*** Opening of RECORD EXCERPTS ***

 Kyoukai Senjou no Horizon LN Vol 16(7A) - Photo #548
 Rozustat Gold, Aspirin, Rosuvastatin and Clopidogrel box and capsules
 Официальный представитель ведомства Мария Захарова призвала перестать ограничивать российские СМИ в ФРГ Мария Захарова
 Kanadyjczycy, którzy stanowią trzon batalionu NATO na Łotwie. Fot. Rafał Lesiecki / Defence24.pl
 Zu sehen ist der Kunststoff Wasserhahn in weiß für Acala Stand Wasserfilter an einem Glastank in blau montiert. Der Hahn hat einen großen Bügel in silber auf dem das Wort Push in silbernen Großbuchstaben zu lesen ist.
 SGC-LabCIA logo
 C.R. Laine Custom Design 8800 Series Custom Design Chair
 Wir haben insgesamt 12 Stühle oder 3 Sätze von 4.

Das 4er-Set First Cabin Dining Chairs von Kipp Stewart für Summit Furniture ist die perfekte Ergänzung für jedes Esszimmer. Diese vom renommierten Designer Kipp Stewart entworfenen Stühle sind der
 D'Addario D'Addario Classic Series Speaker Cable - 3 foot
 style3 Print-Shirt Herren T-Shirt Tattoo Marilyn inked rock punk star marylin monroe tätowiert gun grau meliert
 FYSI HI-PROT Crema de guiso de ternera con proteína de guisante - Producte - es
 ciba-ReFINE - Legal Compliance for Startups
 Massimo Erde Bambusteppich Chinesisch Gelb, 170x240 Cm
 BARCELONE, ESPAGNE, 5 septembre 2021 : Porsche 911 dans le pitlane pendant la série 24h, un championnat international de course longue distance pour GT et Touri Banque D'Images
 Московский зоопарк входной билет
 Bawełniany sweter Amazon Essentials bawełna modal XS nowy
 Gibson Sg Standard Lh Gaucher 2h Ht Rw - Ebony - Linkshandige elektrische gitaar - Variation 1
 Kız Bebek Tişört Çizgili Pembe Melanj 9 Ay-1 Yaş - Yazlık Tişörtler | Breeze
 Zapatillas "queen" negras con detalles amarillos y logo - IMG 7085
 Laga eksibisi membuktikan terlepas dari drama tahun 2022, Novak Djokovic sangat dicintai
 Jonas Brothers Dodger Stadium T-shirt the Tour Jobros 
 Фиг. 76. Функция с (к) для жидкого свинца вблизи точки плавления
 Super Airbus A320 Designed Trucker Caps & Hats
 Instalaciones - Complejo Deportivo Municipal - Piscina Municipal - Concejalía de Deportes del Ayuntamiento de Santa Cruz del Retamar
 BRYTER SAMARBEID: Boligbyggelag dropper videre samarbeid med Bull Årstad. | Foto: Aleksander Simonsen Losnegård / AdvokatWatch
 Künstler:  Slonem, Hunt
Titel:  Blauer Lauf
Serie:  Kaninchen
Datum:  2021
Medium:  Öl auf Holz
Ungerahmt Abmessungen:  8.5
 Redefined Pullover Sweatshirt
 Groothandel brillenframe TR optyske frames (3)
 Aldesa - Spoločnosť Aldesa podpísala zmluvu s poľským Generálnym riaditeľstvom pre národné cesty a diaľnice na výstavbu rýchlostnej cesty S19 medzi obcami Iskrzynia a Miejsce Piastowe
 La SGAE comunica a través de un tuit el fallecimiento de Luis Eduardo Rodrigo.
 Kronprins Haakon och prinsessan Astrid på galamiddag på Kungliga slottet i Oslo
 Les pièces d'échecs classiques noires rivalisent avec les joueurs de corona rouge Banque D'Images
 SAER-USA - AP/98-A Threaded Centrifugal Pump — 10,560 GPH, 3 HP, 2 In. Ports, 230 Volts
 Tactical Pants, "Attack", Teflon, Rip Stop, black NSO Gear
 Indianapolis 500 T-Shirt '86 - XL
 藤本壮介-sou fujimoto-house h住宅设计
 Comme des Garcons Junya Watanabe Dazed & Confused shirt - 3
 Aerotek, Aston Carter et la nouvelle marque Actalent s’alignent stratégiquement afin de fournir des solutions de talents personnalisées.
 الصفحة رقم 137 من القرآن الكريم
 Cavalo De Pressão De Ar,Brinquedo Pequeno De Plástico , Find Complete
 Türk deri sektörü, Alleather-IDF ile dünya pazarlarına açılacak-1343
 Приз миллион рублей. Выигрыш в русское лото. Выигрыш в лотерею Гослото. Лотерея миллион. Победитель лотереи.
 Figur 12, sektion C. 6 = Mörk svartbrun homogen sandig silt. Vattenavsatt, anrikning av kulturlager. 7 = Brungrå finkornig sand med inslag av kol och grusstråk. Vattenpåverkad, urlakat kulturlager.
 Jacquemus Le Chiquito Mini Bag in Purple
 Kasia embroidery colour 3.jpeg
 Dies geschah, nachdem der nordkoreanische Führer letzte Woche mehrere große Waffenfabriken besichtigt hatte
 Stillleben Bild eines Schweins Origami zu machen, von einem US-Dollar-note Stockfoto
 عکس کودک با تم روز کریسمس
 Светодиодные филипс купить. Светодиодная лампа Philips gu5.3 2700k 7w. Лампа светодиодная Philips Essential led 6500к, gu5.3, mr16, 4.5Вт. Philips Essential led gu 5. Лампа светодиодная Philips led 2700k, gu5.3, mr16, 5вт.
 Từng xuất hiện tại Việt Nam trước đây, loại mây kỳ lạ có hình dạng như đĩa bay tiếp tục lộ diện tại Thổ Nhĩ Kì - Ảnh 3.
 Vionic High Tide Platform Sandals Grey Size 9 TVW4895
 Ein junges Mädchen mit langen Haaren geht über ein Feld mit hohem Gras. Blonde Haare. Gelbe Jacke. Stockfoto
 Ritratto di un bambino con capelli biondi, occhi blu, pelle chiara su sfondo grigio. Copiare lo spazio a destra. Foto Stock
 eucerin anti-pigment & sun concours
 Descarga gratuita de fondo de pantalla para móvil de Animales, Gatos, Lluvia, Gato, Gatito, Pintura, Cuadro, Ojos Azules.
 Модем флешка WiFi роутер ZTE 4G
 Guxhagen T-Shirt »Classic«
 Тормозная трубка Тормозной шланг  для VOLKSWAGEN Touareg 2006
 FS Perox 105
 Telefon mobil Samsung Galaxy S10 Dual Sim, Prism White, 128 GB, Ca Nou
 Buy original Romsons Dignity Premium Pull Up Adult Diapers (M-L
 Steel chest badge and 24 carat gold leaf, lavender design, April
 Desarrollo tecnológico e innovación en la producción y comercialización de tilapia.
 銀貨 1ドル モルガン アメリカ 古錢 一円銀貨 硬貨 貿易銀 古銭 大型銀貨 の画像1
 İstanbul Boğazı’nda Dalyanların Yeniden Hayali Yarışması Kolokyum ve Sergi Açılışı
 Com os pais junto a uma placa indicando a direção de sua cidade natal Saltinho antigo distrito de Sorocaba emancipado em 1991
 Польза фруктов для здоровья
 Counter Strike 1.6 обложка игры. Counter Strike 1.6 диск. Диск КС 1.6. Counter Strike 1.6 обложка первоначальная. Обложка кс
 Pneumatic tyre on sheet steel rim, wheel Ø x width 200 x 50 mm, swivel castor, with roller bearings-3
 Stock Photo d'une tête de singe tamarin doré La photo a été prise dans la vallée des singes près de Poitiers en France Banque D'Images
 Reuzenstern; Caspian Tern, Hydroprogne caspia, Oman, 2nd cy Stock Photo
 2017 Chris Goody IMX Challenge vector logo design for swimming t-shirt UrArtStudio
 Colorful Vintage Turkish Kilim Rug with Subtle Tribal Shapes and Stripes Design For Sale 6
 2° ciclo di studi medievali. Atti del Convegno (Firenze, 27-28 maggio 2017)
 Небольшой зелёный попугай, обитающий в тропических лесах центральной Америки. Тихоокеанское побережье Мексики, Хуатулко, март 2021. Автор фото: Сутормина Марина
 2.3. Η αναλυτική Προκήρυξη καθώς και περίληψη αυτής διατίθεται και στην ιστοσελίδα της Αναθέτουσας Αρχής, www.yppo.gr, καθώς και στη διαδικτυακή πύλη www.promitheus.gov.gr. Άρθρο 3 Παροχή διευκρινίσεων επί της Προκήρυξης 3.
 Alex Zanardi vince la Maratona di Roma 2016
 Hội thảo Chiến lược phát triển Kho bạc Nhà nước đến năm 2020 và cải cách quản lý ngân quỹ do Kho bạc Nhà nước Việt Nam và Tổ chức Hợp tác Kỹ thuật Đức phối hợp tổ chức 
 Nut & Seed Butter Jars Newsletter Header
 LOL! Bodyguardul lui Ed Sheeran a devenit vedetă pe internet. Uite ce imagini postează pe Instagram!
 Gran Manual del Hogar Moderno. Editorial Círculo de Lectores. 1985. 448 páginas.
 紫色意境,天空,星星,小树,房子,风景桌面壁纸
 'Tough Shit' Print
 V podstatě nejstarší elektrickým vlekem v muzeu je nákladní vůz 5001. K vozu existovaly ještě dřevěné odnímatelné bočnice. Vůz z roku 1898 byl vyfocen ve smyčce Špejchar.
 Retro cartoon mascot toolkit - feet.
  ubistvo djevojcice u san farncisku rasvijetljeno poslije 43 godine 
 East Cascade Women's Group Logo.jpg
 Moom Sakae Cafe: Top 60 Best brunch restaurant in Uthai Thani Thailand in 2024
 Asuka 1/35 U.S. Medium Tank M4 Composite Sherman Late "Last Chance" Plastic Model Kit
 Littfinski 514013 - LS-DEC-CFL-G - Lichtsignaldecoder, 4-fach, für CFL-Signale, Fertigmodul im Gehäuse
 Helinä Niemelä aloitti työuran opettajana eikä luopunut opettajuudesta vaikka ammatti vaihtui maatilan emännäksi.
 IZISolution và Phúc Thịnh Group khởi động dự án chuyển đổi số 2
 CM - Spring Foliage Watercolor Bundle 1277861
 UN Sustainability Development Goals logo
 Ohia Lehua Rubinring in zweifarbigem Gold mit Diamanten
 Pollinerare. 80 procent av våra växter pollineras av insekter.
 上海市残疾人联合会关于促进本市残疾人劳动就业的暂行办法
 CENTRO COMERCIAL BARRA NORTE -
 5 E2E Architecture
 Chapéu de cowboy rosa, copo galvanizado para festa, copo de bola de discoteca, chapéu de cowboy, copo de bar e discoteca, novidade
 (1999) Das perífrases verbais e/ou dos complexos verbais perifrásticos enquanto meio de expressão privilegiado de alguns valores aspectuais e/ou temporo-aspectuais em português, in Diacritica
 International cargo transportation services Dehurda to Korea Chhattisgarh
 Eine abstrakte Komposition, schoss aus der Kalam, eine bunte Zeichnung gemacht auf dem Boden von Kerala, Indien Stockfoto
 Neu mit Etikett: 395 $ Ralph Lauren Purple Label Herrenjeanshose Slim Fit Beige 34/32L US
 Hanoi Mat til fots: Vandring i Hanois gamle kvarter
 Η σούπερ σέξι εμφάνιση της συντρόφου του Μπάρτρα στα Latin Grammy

*** Close of RECORD EXCERPTS ***

Which lines of the data include "Banque"? Copy each of them.

 BARCELONE, ESPAGNE, 5 septembre 2021 : Porsche 911 dans le pitlane pendant la série 24h, un championnat international de course longue distance pour GT et Touri Banque D'Images
 Les pièces d'échecs classiques noires rivalisent avec les joueurs de corona rouge Banque D'Images
 Stock Photo d'une tête de singe tamarin doré La photo a été prise dans la vallée des singes près de Poitiers en France Banque D'Images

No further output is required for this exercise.